The network layer service models include virtual circuit networks and datagram networks.

What is the main purpose of IPv4 addressing within the network layer?

IPv4 addressing serves to uniquely identify devices on a network and facilitates the routing of datagrams between these devices.

What is the primary characteristic that differentiates virtual-circuit networks from datagram networks?

Virtual-circuit networks provide a connection-oriented service with a dedicated path, while datagram networks offer a connectionless service.

Explain how ATM ABR (Available Bit Rate) service behaves concerning congestion management.

ATM ABR provides guaranteed minimum bandwidth but does not guarantee a constant rate and utilizes feedback for congestion control.

In the context of routing algorithms, what is the difference between link-state and distance vector algorithms?

Link-state algorithms maintain a complete view of the network's topology, while distance vector algorithms rely on neighbors to share routing information.

Describe the role of a VC identifier in a virtual circuit network.

The VC identifier is included in each packet to indicate the specific connection path, allowing routers to maintain state information for that connection.

What advantages does a virtual-circuit network have regarding resource allocation compared to a datagram network?

Virtual-circuit networks can allocate dedicated resources like bandwidth and buffers to each connection, providing predictable performance.

What are the two key functions of a router?

Run routing algorithms/protocols and forward datagrams from incoming to outgoing links.

Explain the difference between 'dumb' and 'smart' end systems.

'Dumb' end systems, like telephones, have limited capabilities, while 'smart' end systems, such as computers, can adapt, perform control, and handle error recovery.

What is the purpose of forwarding tables in routers?

Forwarding tables are used to determine the appropriate output port for incoming datagrams based on their destination.

What is the significance of switching fabrics in networking?

Switching fabrics transfer packets from input buffers to output buffers and determine the switching rate of packets.

What does a Virtual Circuit (VC) number represent in the context of packet forwarding?

A VC number uniquely identifies the packet along the path in the network, as opposed to using a destination address.

Describe the limitations of switching via memory in first-generation routers.

The speed of switching via memory is limited by memory bandwidth, as it involves duplicating datagrams onto system memory requiring multiple bus crossings.

How is a VC number determined at each router in a VC network?

The VC number is determined by looking up the incoming VC number in the router's forwarding table and using the corresponding outgoing VC number.

How does a bus-switching method work in routers?

In bus-switching, datagrams are transferred from the input port memory to output port memory via a shared bus, but contention limits switching speed.

What are signaling protocols used for in Virtual Circuits?

Signaling protocols are used to establish, maintain, and tear down Virtual Circuits.

What strategies are used to overcome limitations of bus bandwidth in switching?

Advanced designs like banyan networks and crossbar switches are employed to enhance switching efficiency and reduce bandwidth limitations.

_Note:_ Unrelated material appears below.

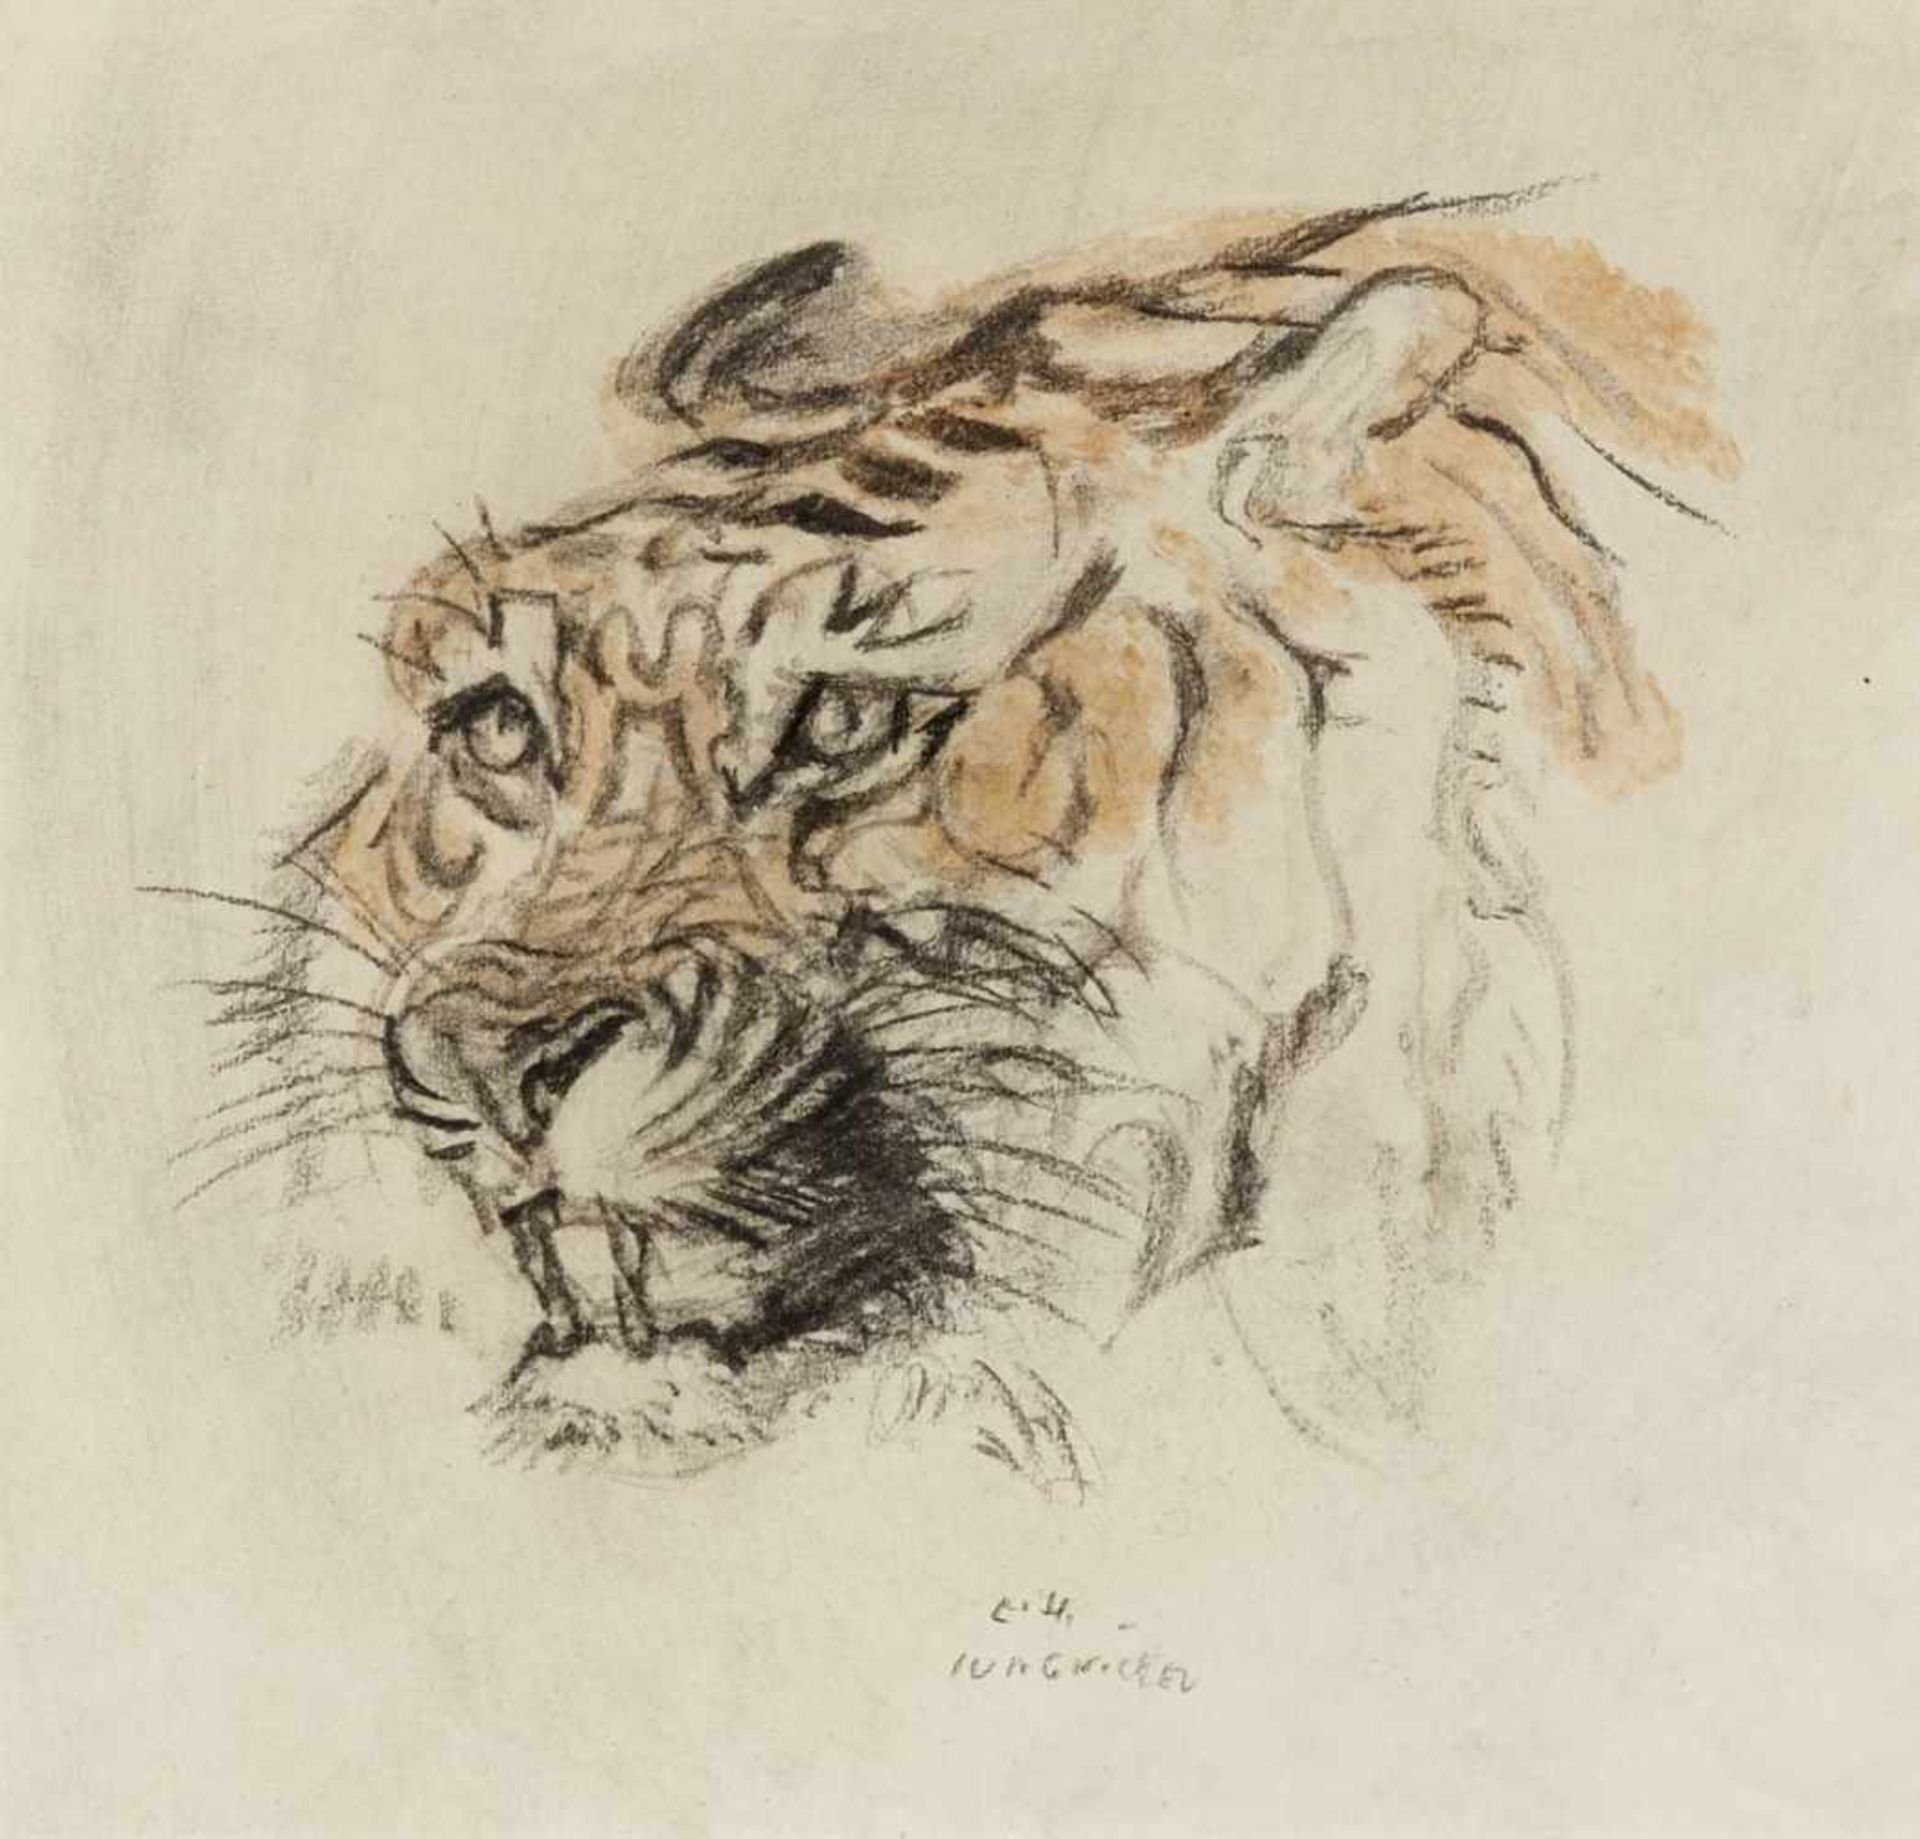 Kopf eines TigersKreide in Schwarz und Aquarelfarbe. Unten Mitte: L.H. Jungnickel. 29 x 31 cm.Head

What is the primary difference between packet forwarding in Virtual Circuit networks and Datagram networks?

In a Virtual Circuit network, packets are forwarded based on VC numbers, whereas in a Datagram network, packets are forwarded using destination host addresses without a concept of connection.

What is stored in the forwarding table of a VC router?

The forwarding table of a VC router contains mappings of incoming VC numbers to outgoing VC numbers along with their corresponding incoming and outgoing interfaces.

Why are Virtual Circuits not commonly used in today's Internet?

Virtual Circuits require stateful connections and call setups, which are less flexible compared to the connectionless nature of Datagram networks utilized in the Internet.

What is an advantage of a forwarding table in maintaining connection state information for VC routers?

The forwarding table allows VC routers to efficiently manage the routing of packets in a connection-oriented manner by holding state information.

What role does the physical layer play in the Virtual Circuit setup process?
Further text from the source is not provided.